A phrase I have used many times is: “I am prepared to swallow an awful lot of pride for the sake of my children.”

So despite the clashes, despite the conflicting views of how to move forward, Rich and I continue to work on our co-parenting relationship, and we try to protect each other’s relationship with the kids. One of the first pacts we made, back on January 24th, when he told me, was that we were going to know each other for the rest of our lives, that we were going to be friends for the rest of our lives. It’s not been an easy one to keep… it might yet be broken… but it continues to be our goal.

One of the things we have done right was to continue seeing our therapist even after giving up on the marriage: we had couples’ sessions to manage the break up for a few months, and now we see her individually, with the option to have a dual session if we want. Personally, I find it comforting to know that she gets the full story, not just my slanted view. It makes me trust her advice/opinion more. Without the therapy, I don’t know how either of us would have made it through my anger/fear stage.

Another thing I did right predates all of this: Last year, I had enrolled in a distance learning course to get a British Montessori qualification. This gave me some immediate structure for building a new life: finish the course, find a job at a UK Montessori preschool and move to wherever that school is. (I have no particular ‘base’ in the UK.) This has been a lifeline in an otherwise overwhelming transition. It gave me the series of steps to follow: I still find it difficult to think too far ahead, but for now I can focus on my course, and know that I’m progressing without having to plan the rest of the route—obviously, the details have yet to be filled in, but the idea is that in summer 2019, I will move back to the UK.

For Rich, the transition to the new life has already been made. He has a new home, a new relationship and is integrating that with the same friends, same job. We’re at a completely different place in our process, and that’s something we both struggle with in our expectations of each other.

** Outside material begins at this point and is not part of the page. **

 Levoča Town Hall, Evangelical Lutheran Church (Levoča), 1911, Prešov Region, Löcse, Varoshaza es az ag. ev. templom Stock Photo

But we still care enough about each other to make the effort. That’s the thing about a long-term relationship ending. For sixteen years (and lots of marriages terminate after longer), we’ve been in the habit of caring for each other. That doesn’t switch off even if the romantic love goes away. As angry as I get with Rich, it can still be hard for me to hear other people be angry with him, because I still want to protect him. It took me a long time to realise it, but I spent most of this process trying to rescue Old Rich (i.e. the man I loved) from New Rich (i.e. the man I feared), and my therapist had to point out to me that the two Rich’s weren’t totally disparate people.

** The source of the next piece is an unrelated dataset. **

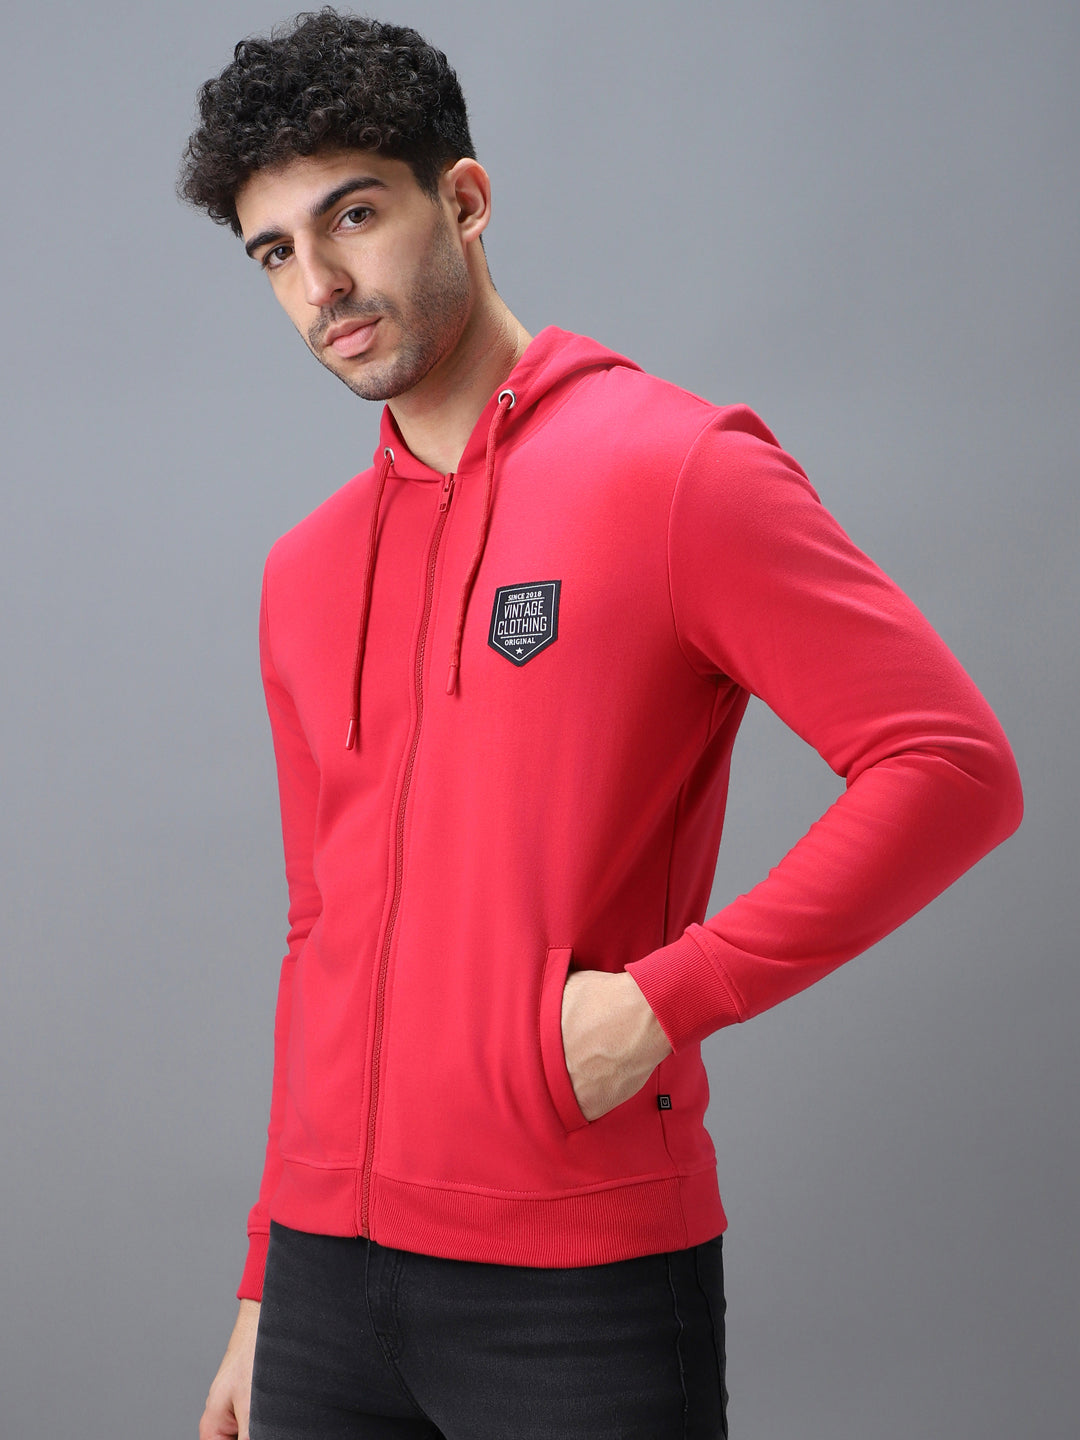 Men's Pink Cotton Solid Zippered Hooded Neck Sweatshirt

I don’t just have a relationship with Rich, I have a relationship with his family too. In March, I took the kids to the UK for my cousin’s wedding; I stayed with Rich’s sister, and she and his mother accompanied me to the wedding. This was important to me as a gesture for the kids that both sides of their family could still come together, but these are also women I like and care about and who were unstinting sources of comfort and support to me at that stressful time.

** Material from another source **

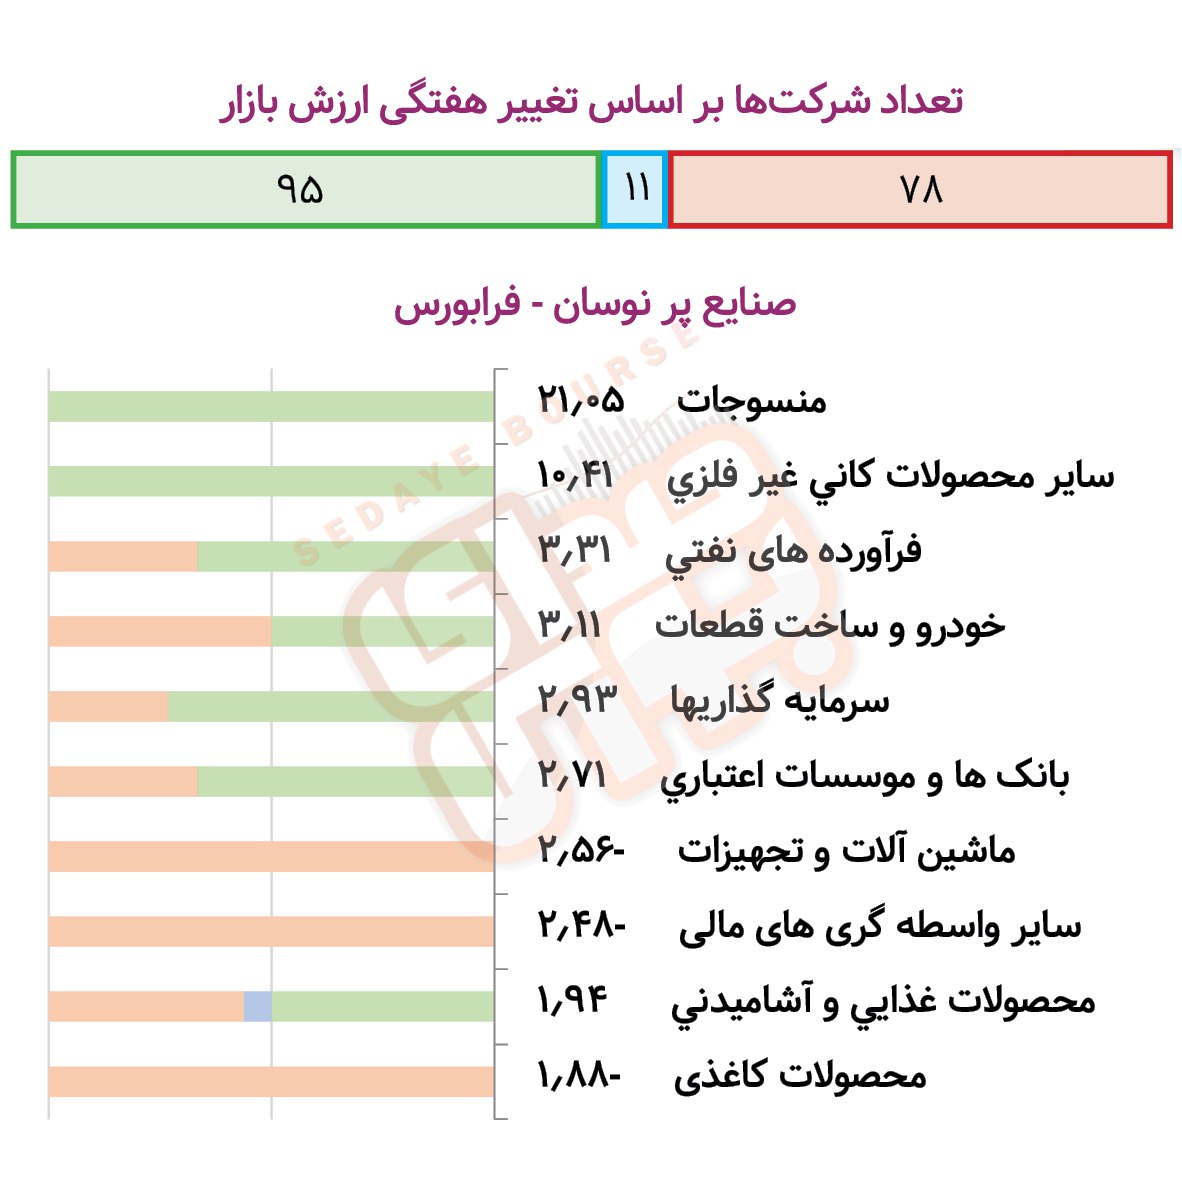 صنایع پرنوسان بورسی و فرابورسی در هفته گذشته

Rich and I will probably always view each other as family on some level. No doubt it will take us both a while to straighten out the boundaries of that—what’s acceptable, what’s essential, and what’s a leftover habit of marriage that would be better dropped—but estrangement isn’t an option either of us are prepared to accept.


Postscript
This is a messy and occasionally paradoxical post, but emotions are messy and paradoxical, and there are a lot of contextual details that I have omitted because they’re not appropriate for this blog. Obviously, I have only touched on Rich’s perspective in all this, and crucially, I haven’t gone into the kids’ reactions at all. Those aren’t my stories to tell. So bear in mind this is a skewed perspective. However, it’s an update on where I am for those who have wanted it, and hopefully, it’s an insight into some of these emotional processes for any who need it.